One of the reasons that so many are convinced of the value of the Price equation is that it almost hits the nail on the head (even though it misses the head completely). So here we go with what sometimes feels as an indication that the Price equation is not so wrong after all. If you sense this in yourself, just return to the interactive part above.

If you draw a new generation, then that new generation comes with a "Cov(z,q)" . With probability p2 you draw two 1's, which implies "Cov(z,q)"=+1/2. With probability (1 − p)2 you draw two 0's, which implies "Cov(z,q)"=-1/2. So"Cov(z,q)" is actually a random variable itself, the characteristics of which we can look at. Two natural characteristics are its expected value and its variance. Now the expectation of this so-called variance is, luckily,

$\mathbb{E}\left[ ^{\prime \prime }Cov\left( z,q\right) ^{\prime \prime }\right] =p-\frac{1}{2}.$

[show details]

Unfortunately, the realisation varies quite a bit, as we have seen in interactive part above. This is reflected in the variance of "Cov(z,q)";

$Var\left[ ^{\prime \prime }Cov\left( z,q\right) ^{\prime \prime }\right] = \frac{1}{2}p\left( 1-p\right)$

[show details]

This variance can be reduced though if we take a large sample. Suppose that we have individuals i=1,...,n with the gene, and individuals i=n+1,...,2n without it. Now we draw the next generation in the same way as before, which looks a bit more general; 2n individuals are drawn, and at every draw individual i has a probability with which it is drawn to reproduce. For i=1,...,n this probability is $\frac{p_{1}}{np_{1}+np_{0}}$.

For i=n+1,...,2n this probability is $\frac{p_{0}}{np_{1}+np_{0}}$. For this transition, one can show that

$\mathbb{E}\left[ \frac{\sum_{i=1}^{2n}z_{i}q_{i}}{2n}-\frac{\sum_{i=1}^{2n}q_{i}}{2n}\right] =p-\frac{1}{2}$

and

$\lim_{n\rightarrow \infty }Var\left[ \frac{\sum_{i=1}^{2n}z_{i}q_{i}}{2n}-\frac{\sum_{i=1}^{2n}q_{i}}{2n}\right] =0$

If we indeed define

$^{\prime \prime }Cov\left( z,q\right)^{\prime \prime }$ as $\frac{1}{2n}\left(\sum_{i=1}^{2n}z_{i}q_{i}- \sum_{i=1}^{2n}q_{i}\right)$

then

$^{\prime\prime }Cov\left( z,q\right) ^{\prime \prime }+\frac{1}{2}$

is an unbiased estimator of p - because

$\mathbb{E}\left[ ^{\prime \prime }Cov\left( z,q\right) ^{\prime \prime }\right] =p-\frac{1}{2}$.

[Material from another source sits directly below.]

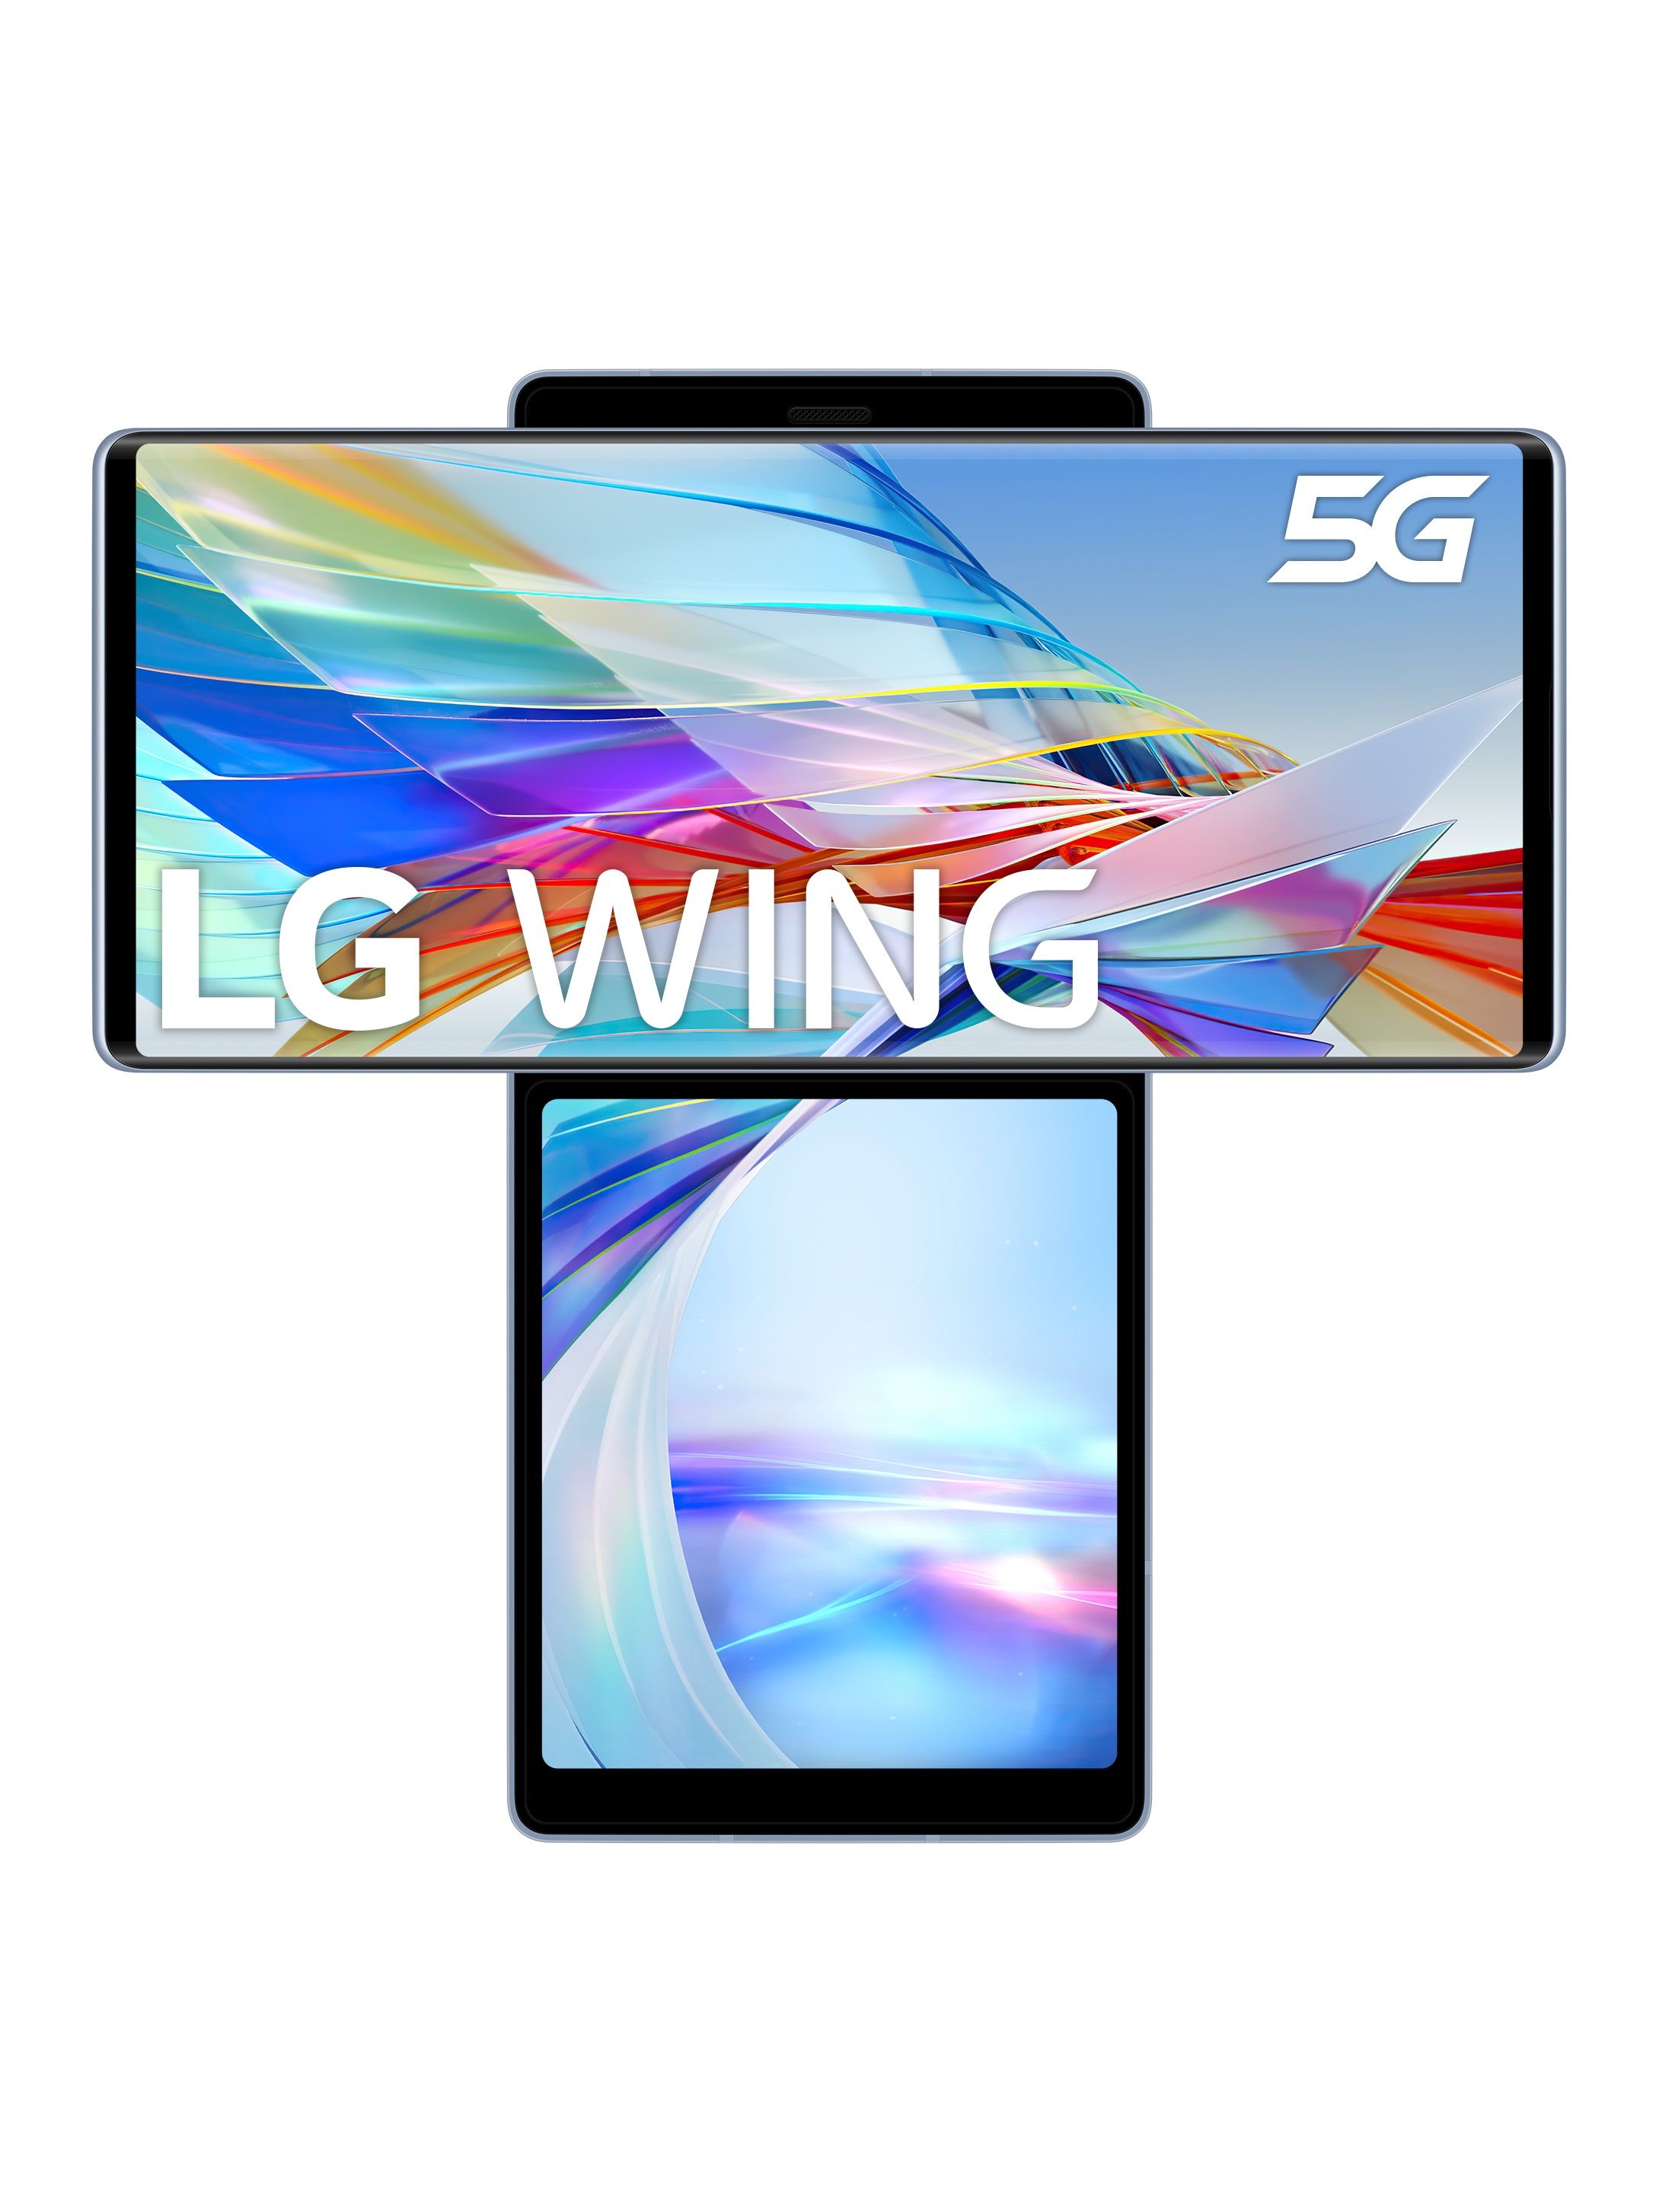 Probamos el LG Wing, el móvil más raro del mercado: tiene una

The quantity $^{\prime\prime }Cov\left( z,q\right) ^{\prime \prime }$ is also regularly referred to as the sample covariance. It is very important to realise that this is not the true covariance; the covariance is a fixed property of two random variables, while the sample covariance is a random variable itself.

Testing properties of p

The sample covariance is typically also used as input for in tests of the type:

$H_{0} : p=\frac{1}{2}$

$H_{1} : p\neq \frac{1}{2}.$

So how does the Price equation help here?

Not. For determining the properties of the model, the Price equation did not help, and in fact cannot even be of use. We found the transition probabilities just by doing probability calculations. For doing statistics the Price equation did not help either. And yes, the Price equation applied to one actual draw does have the sample covariance of that draw in it, and the sample covariance is a useful thing, but we do not need the Price equation for knowing that the sample covariance is useful. The sample covariance has been around since the 1880's, when Karl Pearson (1857 – 1936) introduced it, along with the distinction between covariance and sample covariance. It was there well before George Price was born, and it is used in parameter estimation and hypothesis testing in all other fields of science, where no one has ever heard of G.R. Price. And, most importantly, using the sample covariance is obviously not the same as using the Price equation. It is using the sample covariance.